Once Stoddard was ensconced in a place of absolute security and safety, Gabe would speak with the First Lady and tell her where her husband was. Gabe would also enlist her help in quickly mobilizing the force that would raid the nanotechnology laboratory adjacent to Lily Pad Stables-the lab indirectly responsible for the death of her physician and the transient episodes of insanity that had been threatening to destroy her husband.
With luck, the scientists in the lab, once they were isolated and interrogated by professionals, would cooperate. With luck, investigators would quickly determine who had hired them and who was paying them. With luck, whoever was poisoning Stoddard and controlling the transmitter would be arrested. And finally, with luck, those ultimately responsible would be brought down.
"Two days," Gabe said. "Hopefully less. With the whole world looking for you, we need you out of sight for two days. Can The Aerie accomplish that?"
"You may have read or heard about my grandfather, Bedard Joe Stoddard. He made a fortune in mining, patents of all kinds, and manufacturing by being uncompromising in his business practices and in his opposition to the unions. Some would and did say ruthless opposition . Like many geniuses, B.J. was more than a little eccentric. And also like many geniuses, there were detractors who felt he often crossed over that invisible line between eccentricity and madness."
"Most of my family simply skipped the eccentric step," Gabe said.

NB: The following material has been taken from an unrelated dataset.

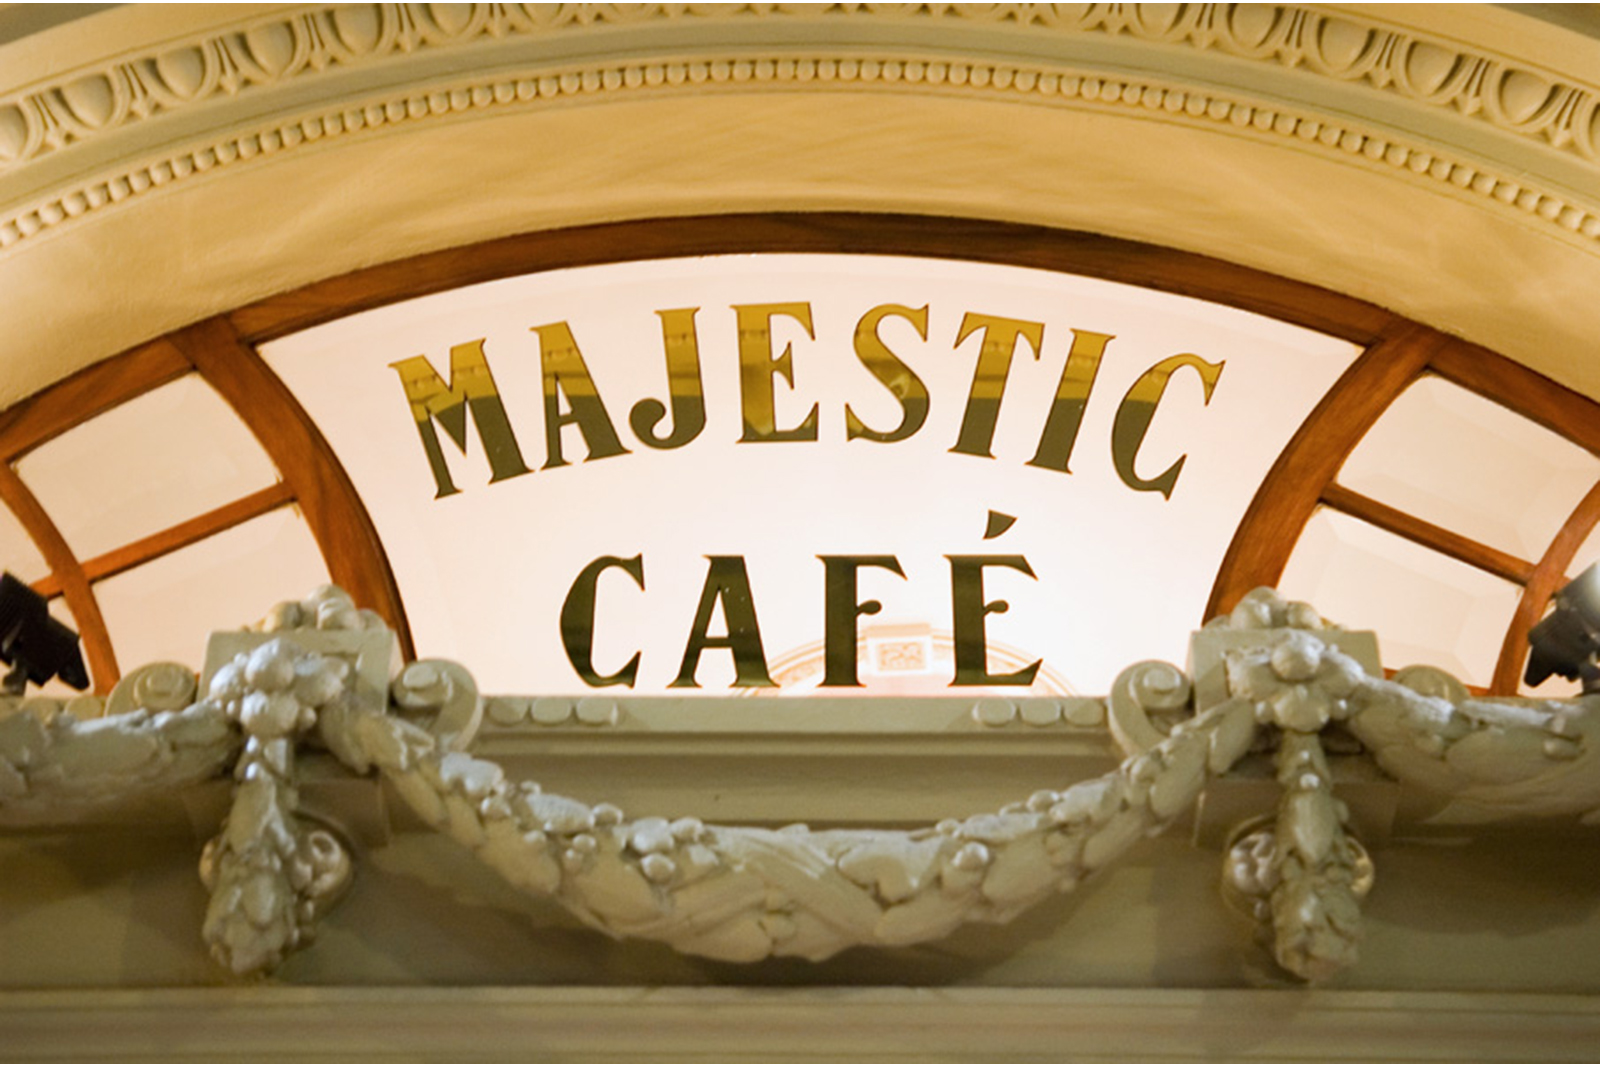 CAFE MAJESTIC

"Well, at some point B.J. decided he needed a refuge that was both isolated and secure. That's why he built The Aerie-modeled stone-by-stone after a medieval castle in northern England he once visited and photographed. He brought in trainloads of foreign laborers-mostly the Chinese who had worked on the railroads. He designed the maze of dirt roads leading into the forest himself. Most of them simply stopped, or became endless loops. The roads that eventually would make it up to The Aerie were and are a closely guarded secret."

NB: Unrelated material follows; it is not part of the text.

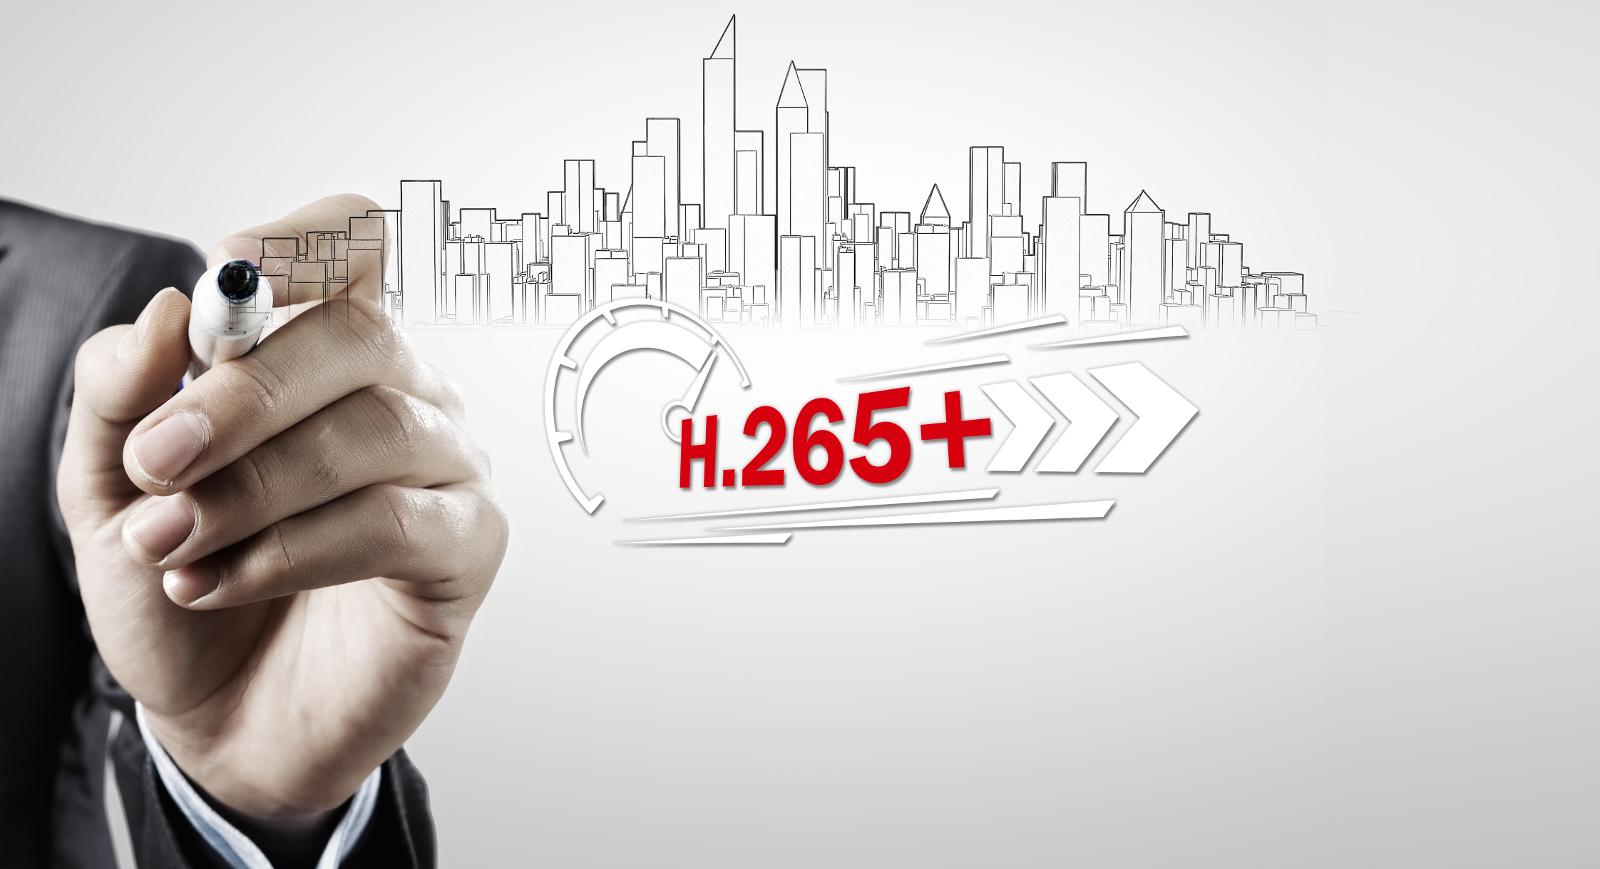 Doskonała kompresja H.265 Pro+.

"But they're marked on the map you gave me."
"I don't think there are more than a half a dozen copies of that map in existence, so take good care of it."
"If the press finds out that's where you were hiding, there'll be more gawkers making their way up there than to the Grand Canyon."
"Hopefully, they'll all get lost in the forest. The whole project took eight years to complete," Stoddard went on. "Decades later, my father spent many more years upgrading the place, adding to B.J.'s bizarre collection of medieval weapons and instruments of torture, and increasing security there. He once told me that in the event of a nuclear attack, I was to eschew the bunker here at the White House and get the heck up to The Aerie, which he called the safest place in the world."
"Sounds like just what the doctor ordered," Gabe said, realizing only after he had invoked the platitude that it was actually funny. "How often does your father use the place?"
"Essentially never. He's much more into entertaining and wheeler-dealing on his yacht. It's been a long time since I was last there, but even then the place had fallen into pretty sad disrepair."
"Sounds perfect for us," Gabe said.
"It is perfect-especially if you get off on cobwebs plus the arcane and macabre. Wait until you get a load of it."
"I'm aimin' to do just that before it gets dark tonight. Now, I need two things from you."